L’annonce de la suppression de 59 emplois chez ELM Leblanc à l’horizon 2022, sur les deux sites de production de Drancy et de Saint Thegonnec, par la direction du groupe Bosch France, essentiellement sur des postes de production, de services de support et de R&D, a provoqué la colère de la CFE-CGC. Colère d’autant plus vive que la direction envisage ces suppressions de postes (soit près de 10 % de l’effectif global des deux sites) uniquement en départs « naturels », sans aucune intention de les accompagner socialement, avec la seule motivation d’adapter l’outil industriel dans la durée et gagner en compétitivité et en rentabilité.
 

Cette stratégie n’est tout simplement pas possible, sans que cela ne passe par une « casse sociale ». Dubitative sur cette annonce, la CFE-CGC a demandé une étude de la pyramide des âges des salariés des sites concernés entre le 11 février et le 11 mars (date du dernier CSE-C), afin de pouvoir comprendre les motivations de la direction.
 

Nous poussons un « coup de gueule » et dénonçons les arbitrages d’une stratégie permettant inéluctablement au groupe Bosch de se séparer de ses outils de production, par le biais d’une même méthode appliquée à nombre de sites, dont celui de Rodez. Même si l’entreprise semble vouloir garantir 500 emplois entre 2025 et 2027 quelle que soit l’évolution du diesel et sans aucune fermeture annoncée à terme, le périmètre industriel sera adapté. C’est bien là où le bât blesse. La suppression de 700 emplois en quatre ans, sans mesure contrainte, paraît impossible.

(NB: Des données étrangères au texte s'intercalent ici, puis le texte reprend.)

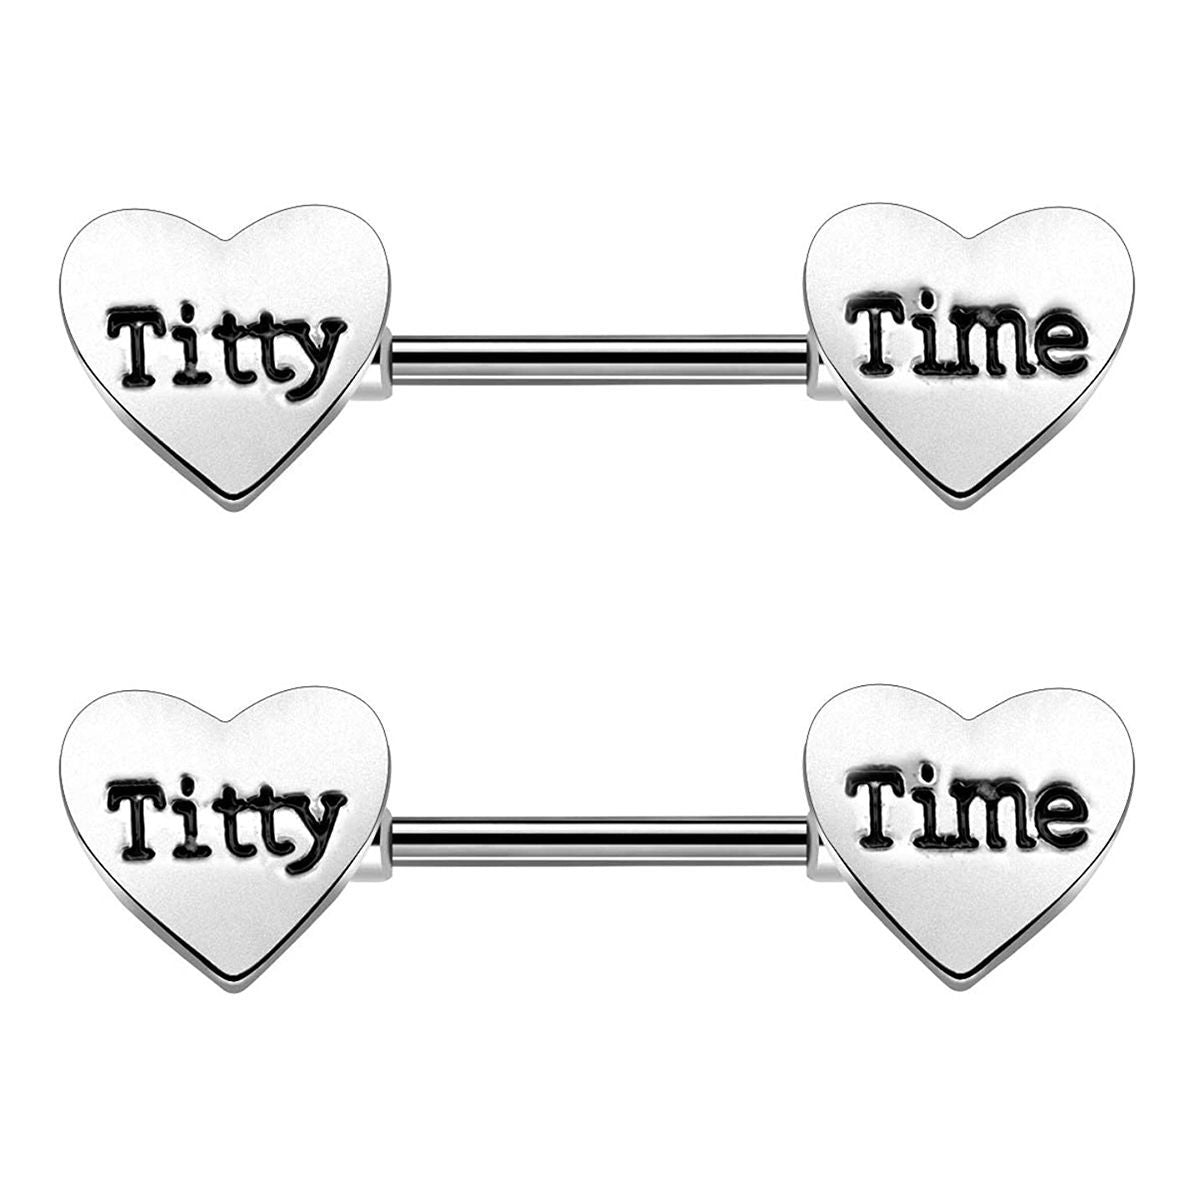 Nipple Rings Piercing for Women Men in Body Piercing Jewelry 14 Gauge Surgical steel Heart with engraving Sold as a pair

La CFE-CGC exhorte la direction à ouvrir des négociations sur les mesures d’accompagnement sans tarder, pour pouvoir répondre aux situations individuelles des salariés concernés, et demande le développement de produits d’avenir permettant d’accompagner la transition énergétique dans les deux usines, produits sans lesquels la pérennité des usines ne saurait être préservée. Où est la responsabilité sociétale de l’entreprise dans ce nouveau plan stratégique ?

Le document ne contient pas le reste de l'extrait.